Wednesday, February 6, 2008

Tea with Professor Hinley

“Ah, the summers we used to have, at least, the summers a boy remembers.” Professor Hinley was in typically expansive mood as they strode across the quad in the freshly washed sunlight of early June. Far off came the unmistakable thwack of leather upon willow and the occasional muffled splash as some lithesome undergraduate toppled off his punt into the cam. Katherine enjoyed the light kiss of the sun on the back of her neck but wasn’t one for nostalgia, in her position there seemed little point. The old boy must have cut a dashing figure in his undergraduate days all the same. A cloud put a hand over the sun for a moment and the air was like ice on her cheekbones.
“If we could return to the facts of the matter..Professor?”

Hinley had paused as the first swifts of the year tore screaming through the quadrangle. There'd be fewer of them every year now, but Katherine bit her tongue. The delirious gang roared in tight formation, up and over the tiled roof, like so many experimental 50’s British fighter jets. She watched them go and felt her heart fly with them. They did everything on the wing, sleep, eat, mate and die. There were connections everywhere. He was looking older, or perhaps she was feeling younger. Either way, it was time to focus on matters at hand.

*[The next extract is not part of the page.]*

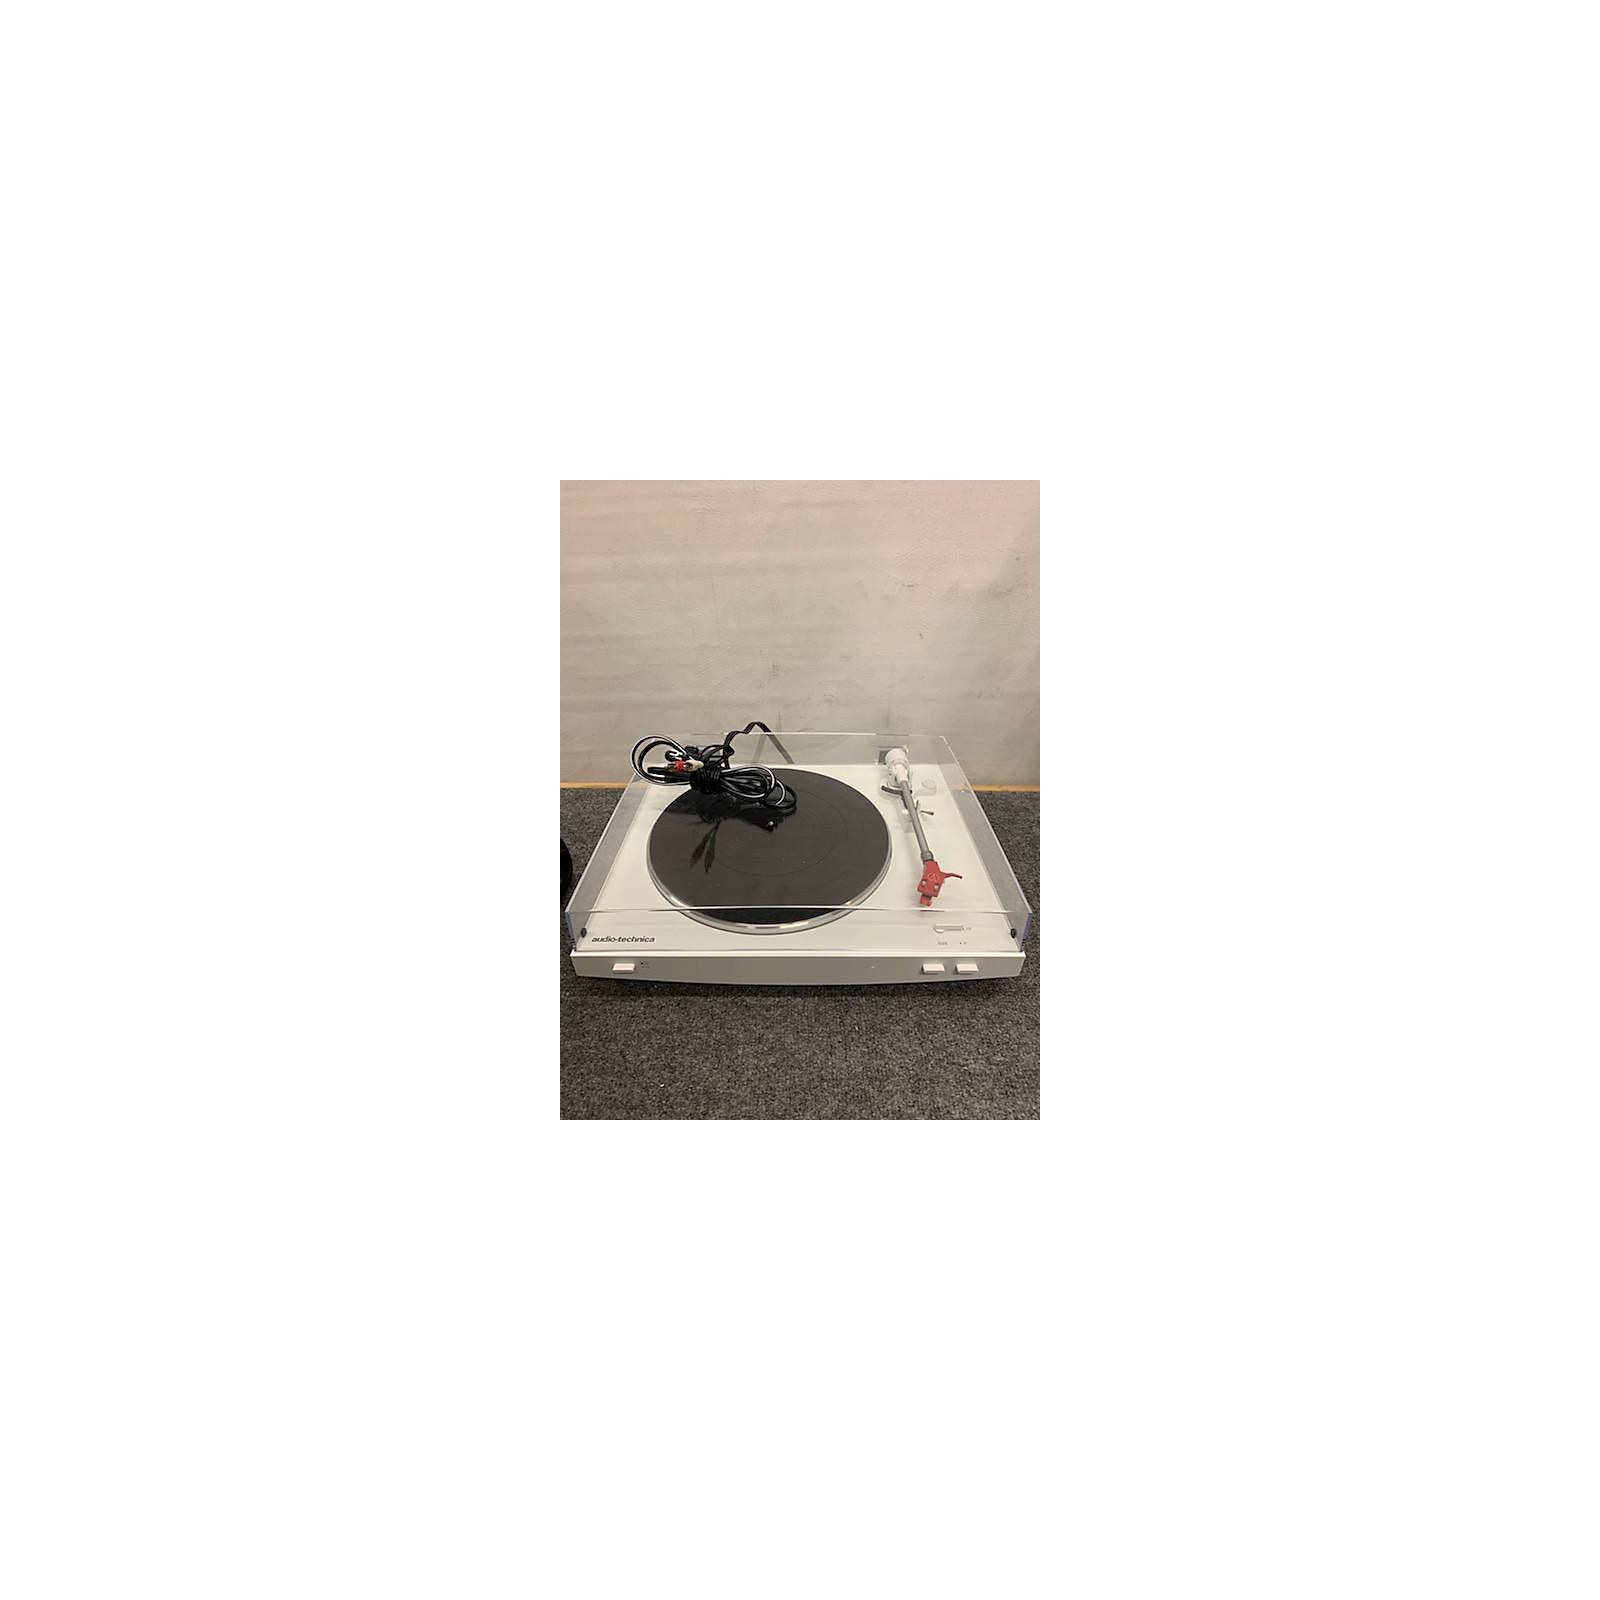 Audio-Technica ATLP3 Record Player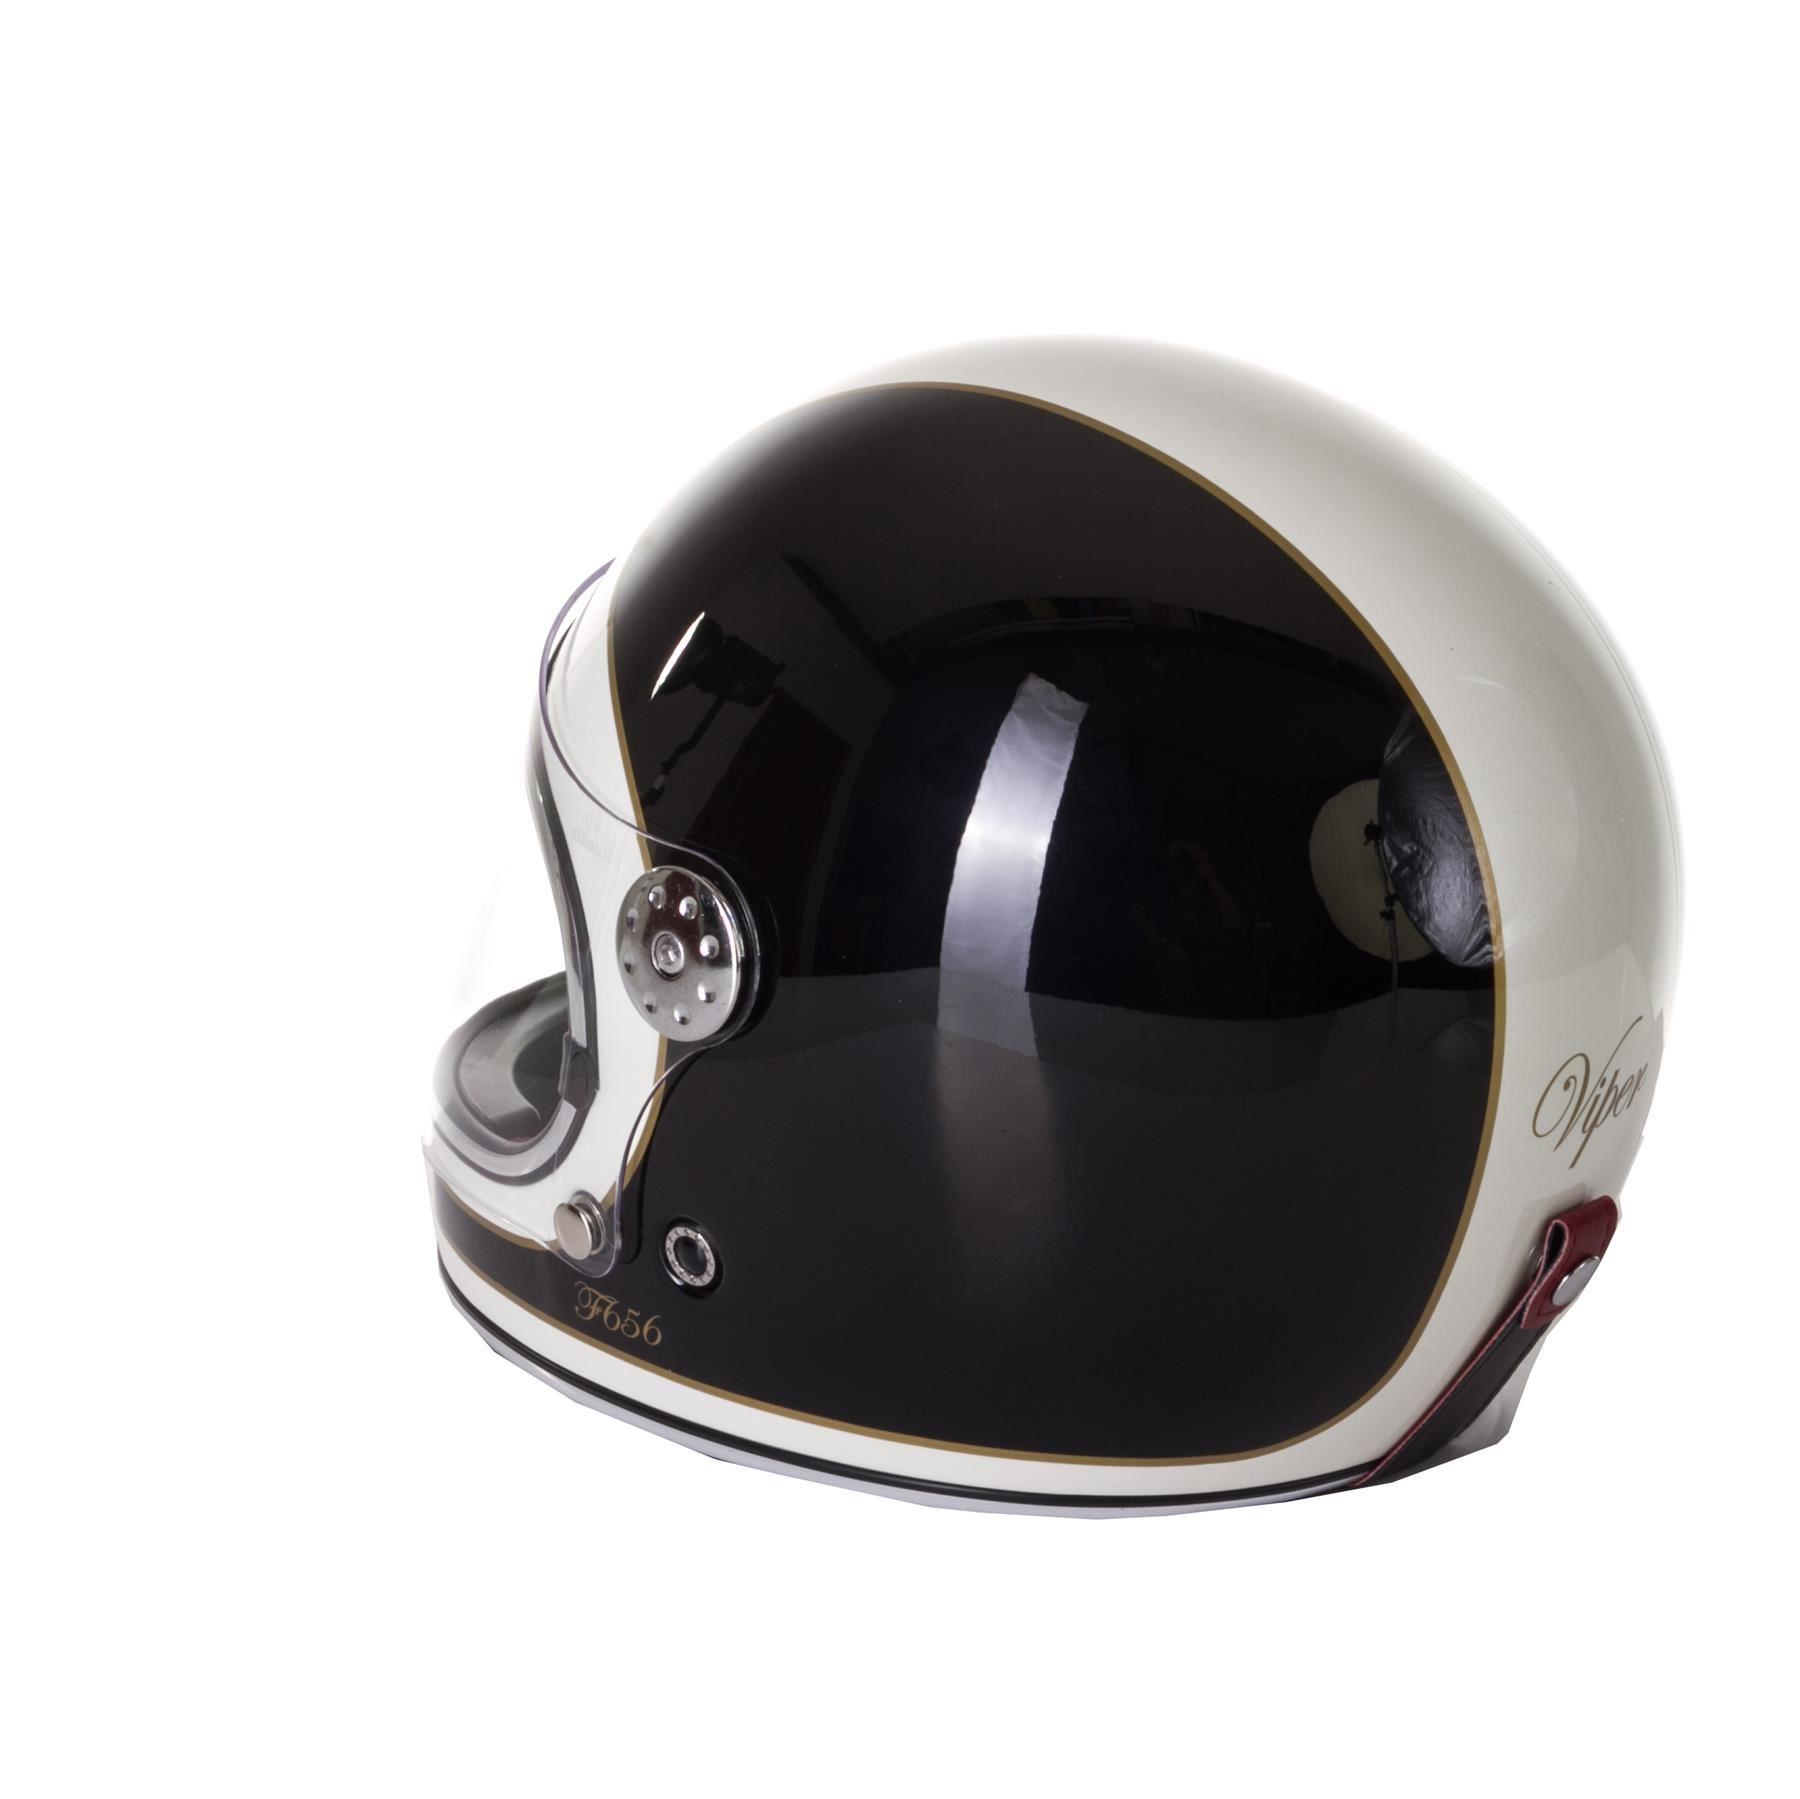 Viper-F656-Retro-Vintage-FibreGlass-Full-Face-Motorcycle-Bike-Road-Crash-Helmet miniature 5

Professor Hindley stared on at the space the swifts had instantaneously vacated. Despite his affectation of good humour an observer might have said he looked sad for a moment. Miss Barley's visits were ever more infrequent now, and the notes on her 'voyages extraordinaires' by degrees more random, despite her best efforts at categorisation. Still, he had reconciled himself to the inevitable. He knew the college had long since passed from its former pre-eminence as the locus of her investigations, however vital his role had been at the start. Just as the weeds and birch had reclaimed the still sealed off site of their former laboratories, indeed the first ferns had cracked the concrete cap while the remnants still smoldered, so the lure of the chronosphere had inevitably enticed, enraptured and now perhaps captured the girl. Still, one must press on regardless, despite Miss Barley's ever more obvious distance from the original aims of the project and the occasional unpleasantness in the press. Terms like armageddon and apocalypse were tossed around with all too gay an abandon these days, in his earnest estimation. There have been a thousand minutely discussed and devoutly believed scenarios for the end of the world, or, to be more precise the end of our undisputed soveriegnty in it. Be they economic or ecological, geological or theological, the only factor they shared in common was that, up till now, they'd been wrong. He'd fancied he'd write a paper for the Royal Society on the matter, science, if anything, should be an optimistic endeavour, but Miss Katherine had proved somewhat reticent on the matter and he knew better than to press her on such issues now.
“Tea?”
“Most kind.”
“Our assassins will be waiting.”

They skirted her mausoleum without comment. The pink blossom hung heavy on the aging cherry trees, long after it had blown from the avenues which led to the river. Even the sun was reluctant here. A few leaves from the previous autumn, or perhaps many autumns before that, clung to spider dank shadows. She shivered as she walked over her grave.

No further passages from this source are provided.